Corvus Managing Director Gary Flocco is already reaching out to area residents to ask whether they are interested in selling their homes so the redevelopment plan can move forward.
Cotter, however said the developer did not initiate the research process that ultimately led to the redevelopment plan.
The Jersey City Council, which must still approve the redevelopment plan, is currently scheduled to consider it at its meeting on Aug. 10.
Residents still nervous
Eminent domain is not currently part of the plan. Flocco, who attended Thursday’s meeting and who addressed several questions from residents said, “I’m not looking to throw people out of their homes.”
He said he would try to negotiate fair sale prices for homes with people who are willing to sell and would make every attempt to work around owners who do not want to sell their properties.

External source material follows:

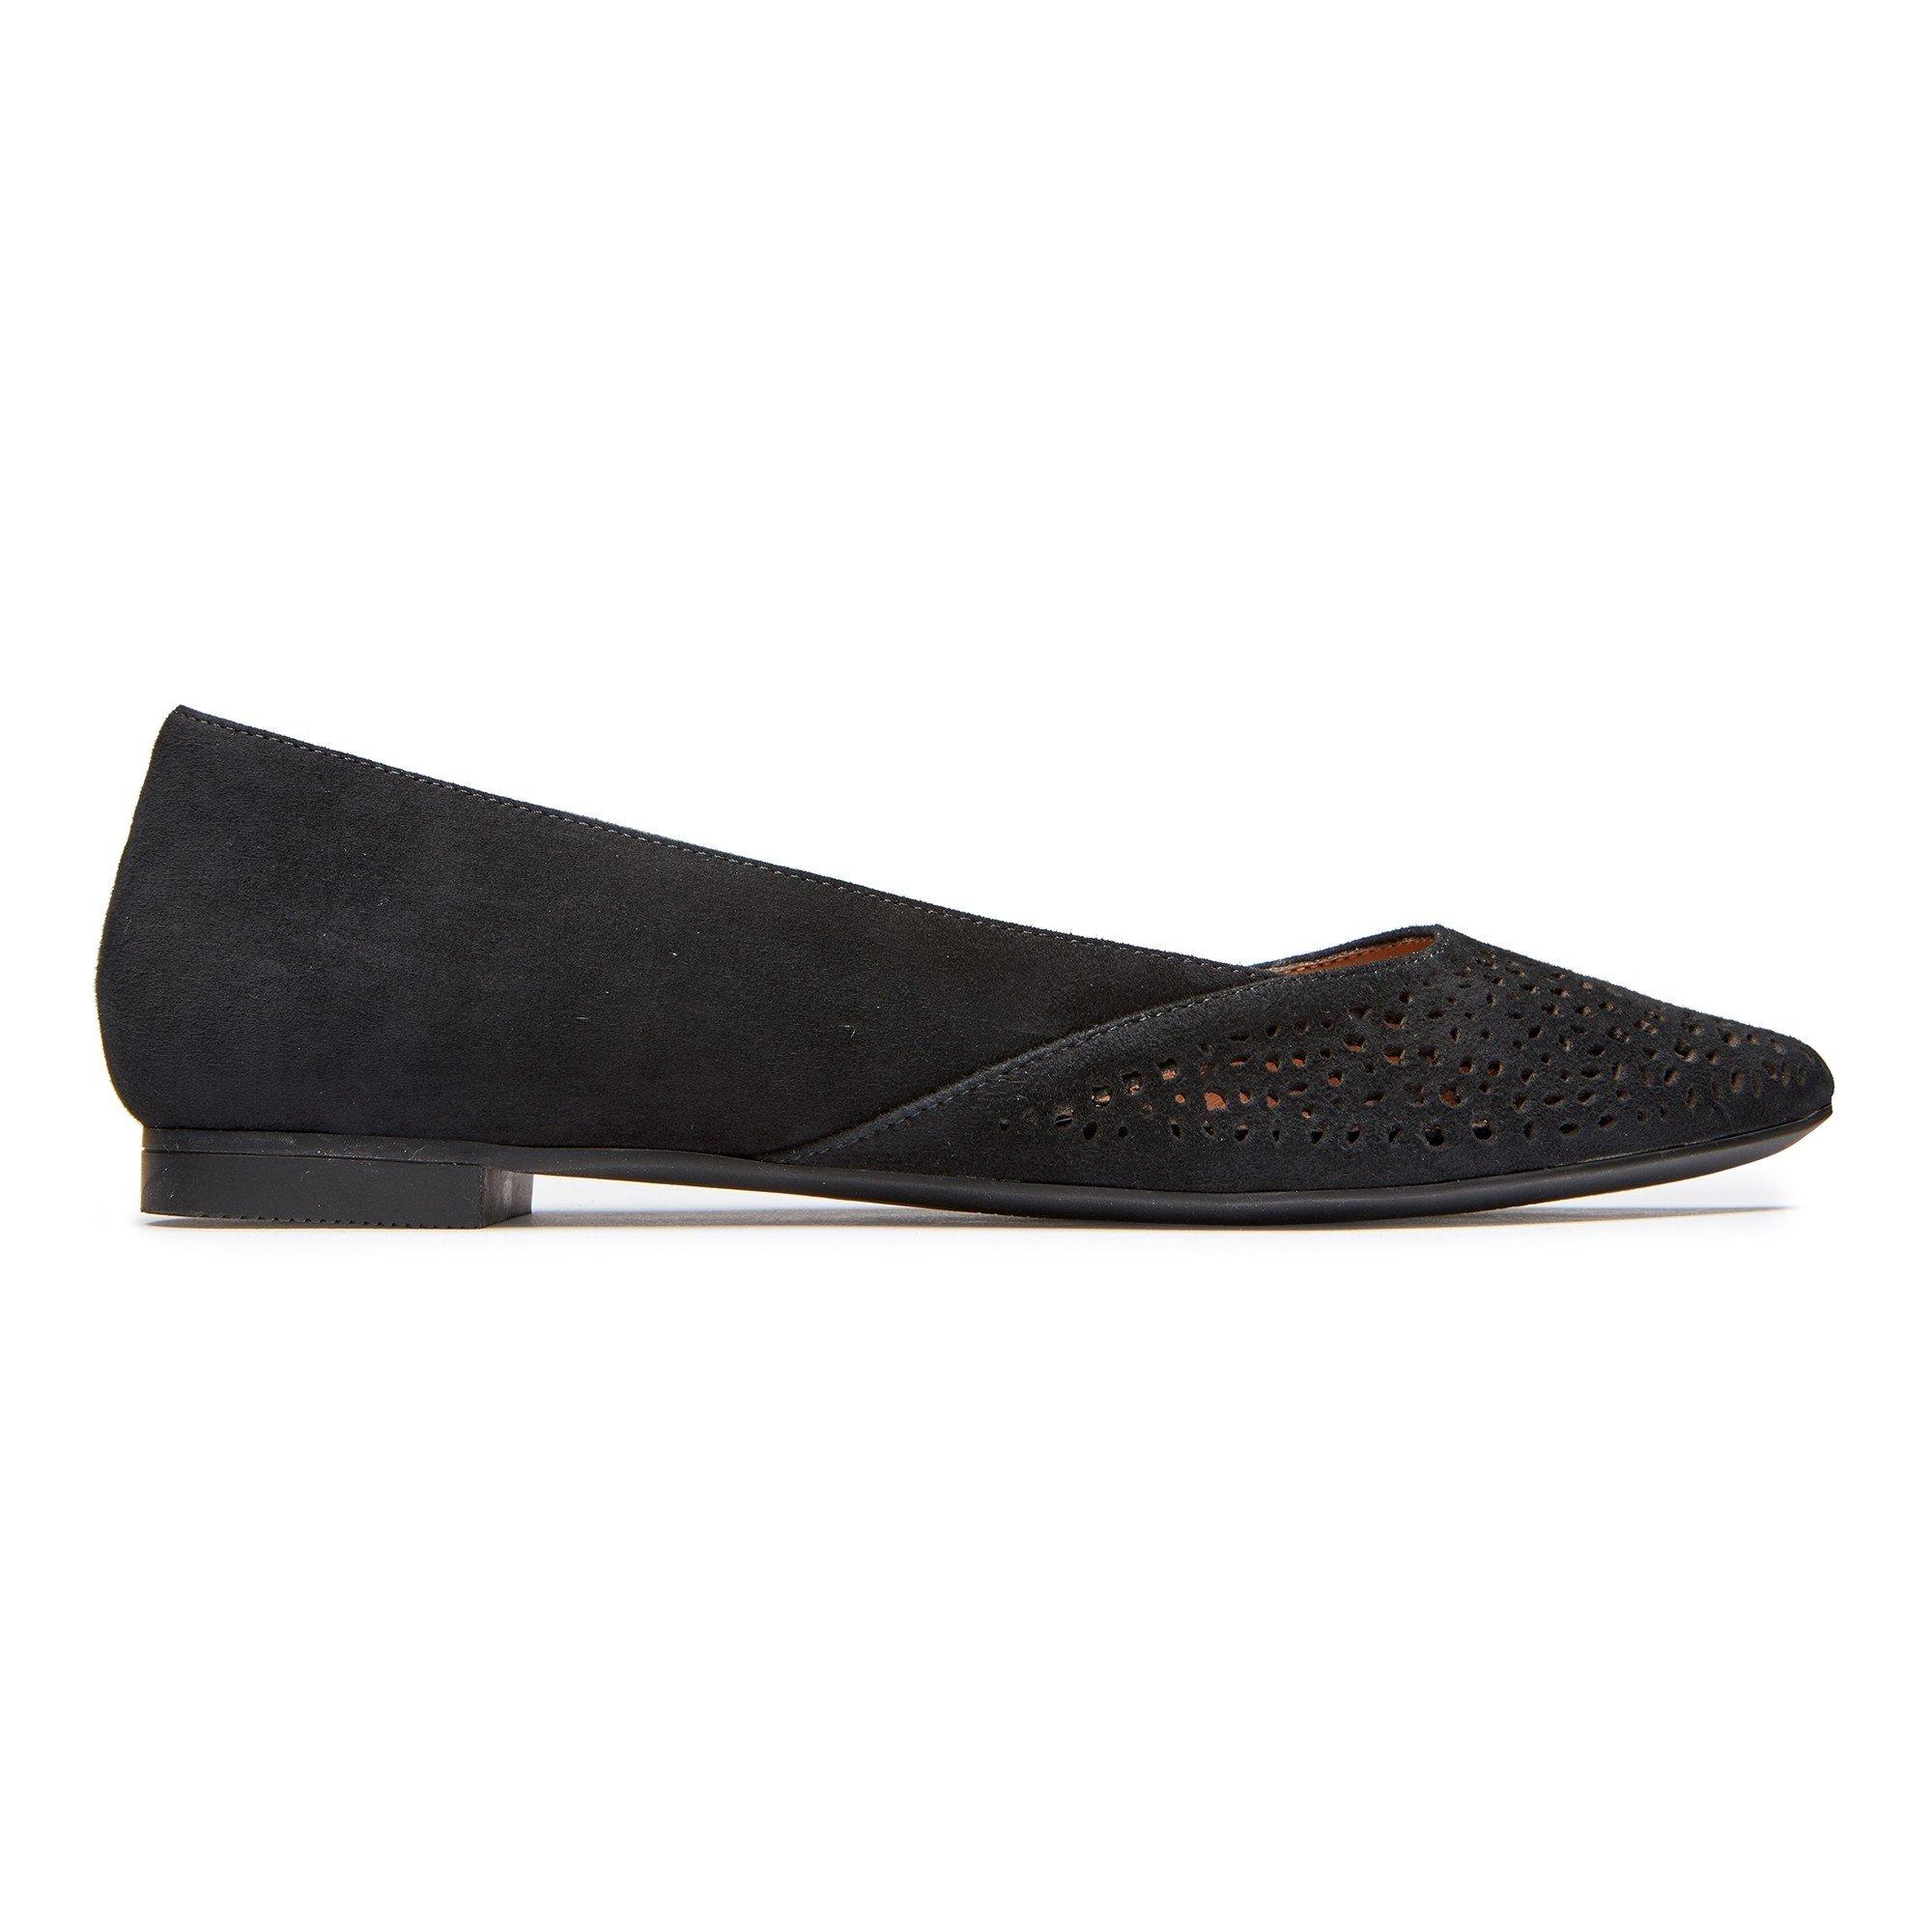 Giày Búp Bê Nữ VIONIC W Carmela Perf Sude

However, Cotter said an approved redevelopment plan can always be amended later and there is no way residents can know whether the City Council will choose to amend the plan at some time in the future to include eminent domain.

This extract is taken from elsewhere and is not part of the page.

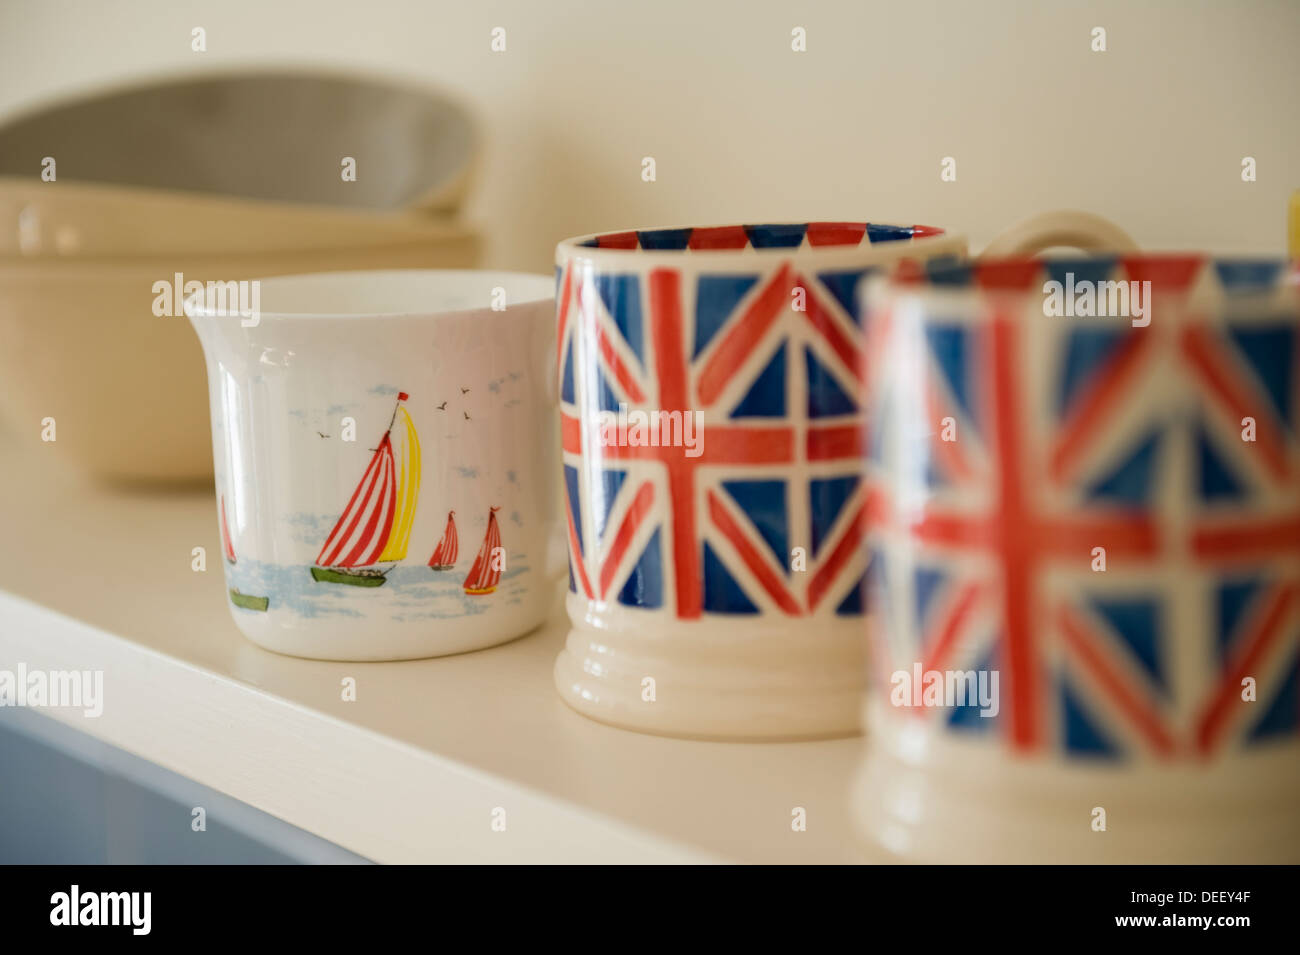 Union Jack cups by Emma Bridgewater - Stock Image

One resident, Esther Wintner, asked Flocco if he would be willing to put a commitment in writing that he would not push people out of their homes through the use of eminent domain; he said he would not be willing to make such a commitment.
Toward the end of the meeting one McGinley Square property owner, Theresa Samson, said this is the third time her family has faced the possibility of eminent domain in Jersey City. On two previous occasions – in 1999 and again in 2009 – her family’s property was lost to eminent domain.
After the meeting, Bruno Folcarelli, who owns two properties in the affected area, said he isn’t opposed to selling to the developer – but only at the right price. Folcarelli said he owns both the home he lives in, plus a five-family rental property which he plans to use for income after he retires. Any sale price, he said, must take into account the loss of future income from his rentals, otherwise the deal will be a loss for him.
Residents have organized a meeting for this Tuesday, July 26 at Old Bergen Church with a representative from the Castle Coalition, a nonprofit that educates property owners about eminent domain. The meeting is scheduled for 6:30 p.m.